Het Schönberg Ensemble heeft menige muzikale lans gebroken voor onder het stof geraakte partituren waarvan de inkt nog niet eens is opgedroogd. Zij doen dit al twintig jaar onder leiding van Reinbert de Leeuw welke door de directeur van Muziekcentrum Vredenburg in zijn toespraak werd getypeerd als een 'Jezuïet'. Aannemelijk is dat hij hiermee De Leeuw een compliment wilde maken. Twintig jaar Schönberg Ensemble is iets om even bij stil te staan en het is dan ook zeker een feestelijk concert waard. Voor de gelegenheid had Oliver Knussen (Engels componist en dirigent) een 'feest'marsch met de titel "Organum" gecomponeerd. Geheel in de traditie van Knussen draaide De Leeuw zich na de wereldpremière van dit weemoedige feestmarsje van drie minuten om naar het publiek en zei: Deze muziek is prachtig maar zo snel voorbij dat u het vast nog wel een keer wilt horen. Waarop "Organum" gebiseerd werd.
Opvallend in het programma was een nieuw stuk van de jonge componist Micha Hamel (1970). Zijn "...blättern..." voor het Schönberg Ensemble is een "klont vol vage herinneringen aan een voorbije tijd" bestaande uit "Weense flarden van wals tot dodecafonie". Deze beschrijving is evenals de titel zeer acuraat. Flarden van melodieën en onafgemaakte motieven bereikten in een korte vioolsolo haar hoogtepunt. Het stuk was kort maar kwalitatief zeer goed. Mooi van instrumentatie, consistent, duidelijk in haar structuur en ook auditief zeer fraai. Het verschil met "Het gebroken oor" van Cornelis de Bondt, een stuk uit 1983/1984, was opvallend. Het werk is gecomponeerd volgens een vastgesteld systeem met als rode draad de noot As, geïnspireerd op Schönbergs "Kammersymfonie" opus 9 uit 1906 waarin deze noot het tooncentrum representeert. "Het gebroken oor" is absoluut gedateerd en heeft geen enkele esthetische waarde. Het werk is saai en vervelend, maar laat duidelijk horen waar componisten zich in die jaren mee bezig hielden.

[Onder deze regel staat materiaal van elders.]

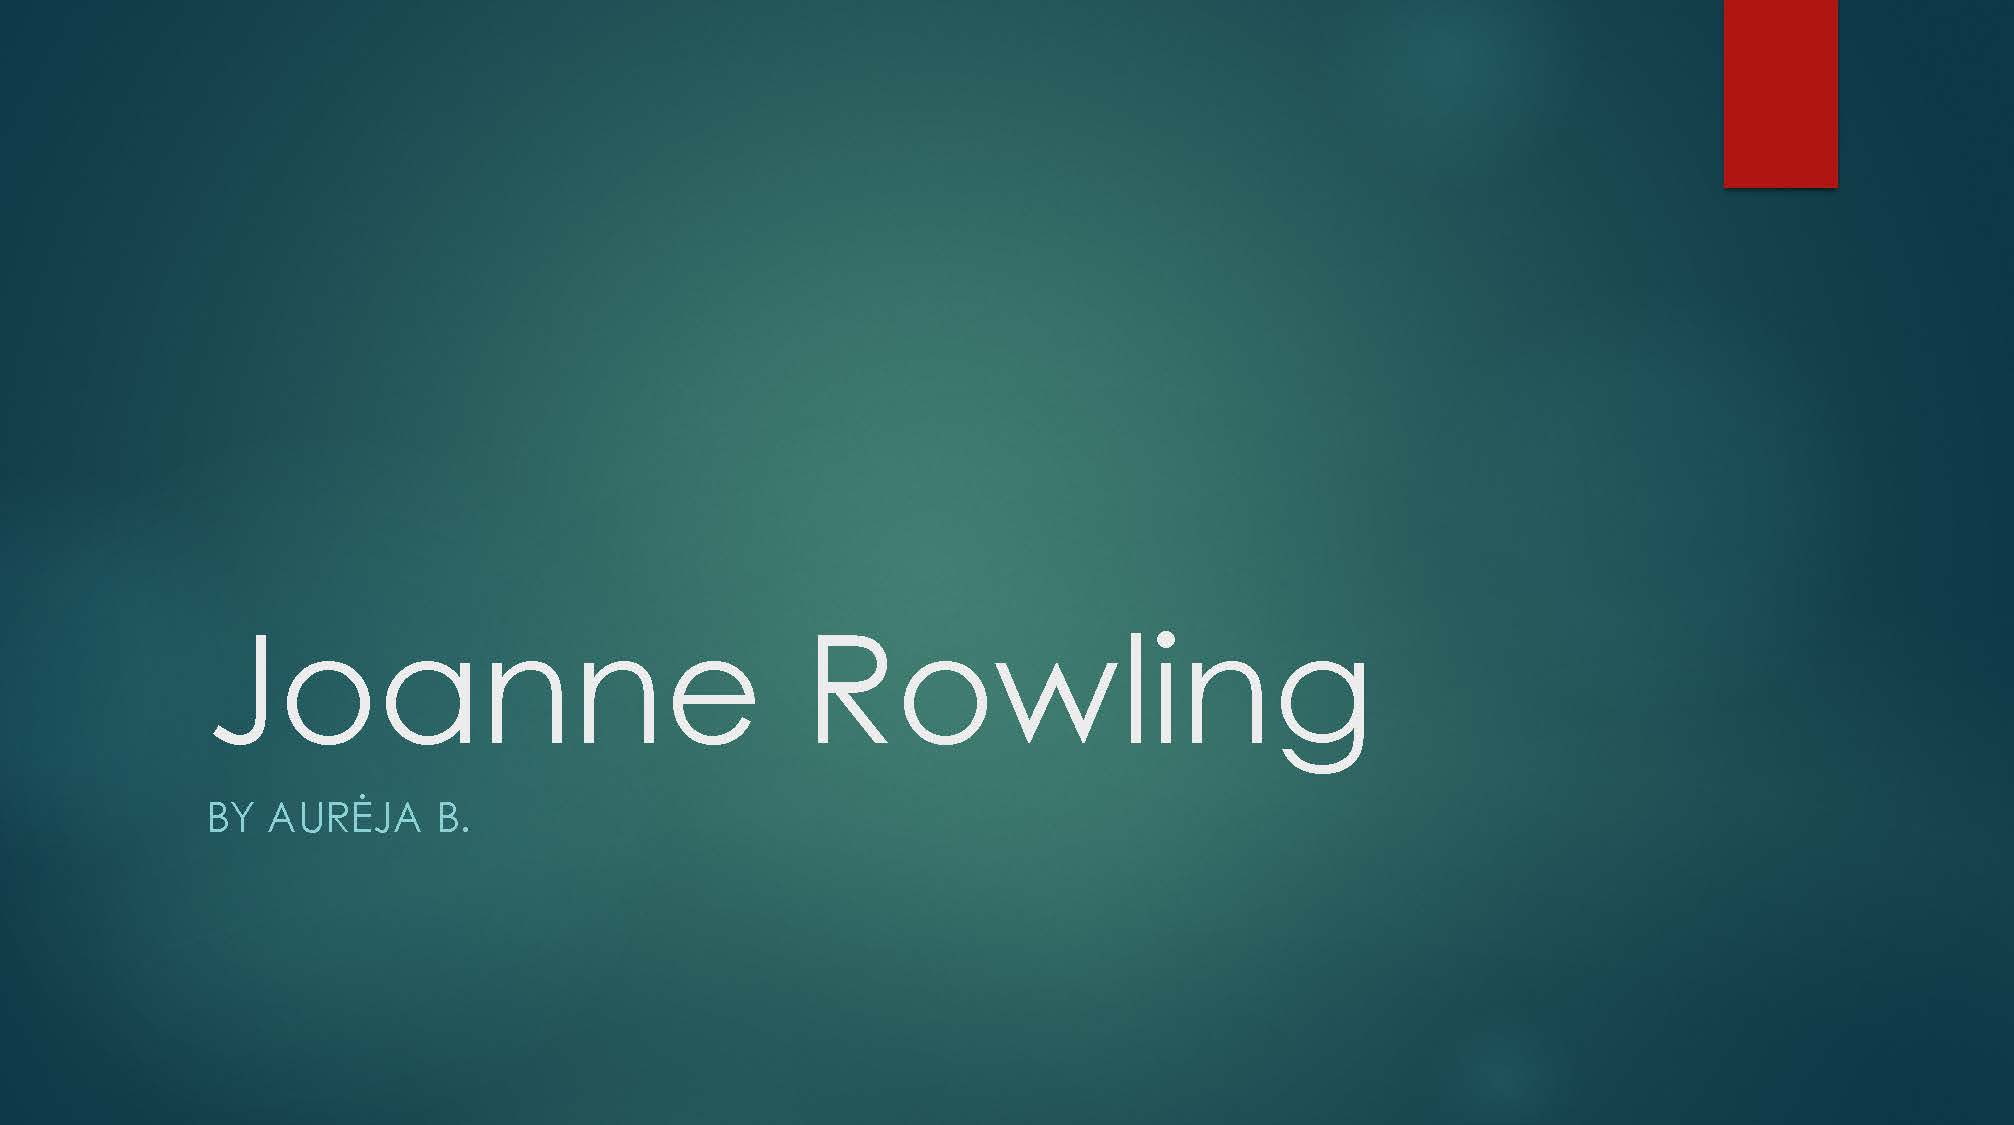 Joanne-Rowling_Page_1

Gelukkig is die tijd nu voorbij, mathematische systemen bestaan nog steeds ook bij jonge componisten maar het melodische element krijgt haar verloren esthetische positie gelukkig weer een beetje terug, wat door Hamels "...blättern..." zo raak getypeerd werd.
Hoogtepunt
Een spectaculair hoogtepunt was "Samuel Beckett: What is the
Word" van György Kurtág uit 1991. Het ensemble is hierin
verdeeld over drie gelijke instrumentale groepen, een vocaal kwintet in
het midden en in het centrum de recitante, de piano, viool, harp, celesta,
Hongaars cimbaal en de dirigent. Vredenburg leende zich niet voor de voorgeschreven
opstelling, zodat rondom op de balkons de drie instrumentale groepen en
het vocaal kwintet waren geplaatst, de slagwerker op marimba en dergelijke
in het midden van de zaal en de dirigent, de resterende instrumentalisten
en de recitante op het podium. Dit werk beleefde haar Nederlandse première
en was zeer verrassend door de continue wisseling van klankrichting. Het
reciteren van het gedicht in een Hongaarse vertaling met een gebroken stem
door de actrice Ildikó Monyók aan wie het stuk is opgedragen,
had een puur dramatische effect dat werd beklemtoond door het vocaal kwintet
dat de tekst in het Engels zong, fluisterde of schreewde.
Uiteraard mocht een werk van Schönberg niet op het programma ontbreken. Diens "Kammersymfonie" opus 9 behoeft geen nadere toelichting en is het ensemble op het lijf geschreven. Het ensemble vernoemt naar deze componist heeft een klankkleur waar ze trots op mogen zijn. Om maar niet te spreken over de kwaliteit van de instrumentalisten die echt onberispelijk is. De Bondt, Knussen en Hamel in prachtig krijtpak waren in de zaal aanwezig en werden door het kleine publiek passend beloond. De uiteindelijke lof was uiteraard voor het jarige Schönberg Ensemble en hun dirigent Reinbert de Leeuw die een staande ovatie ontvingen.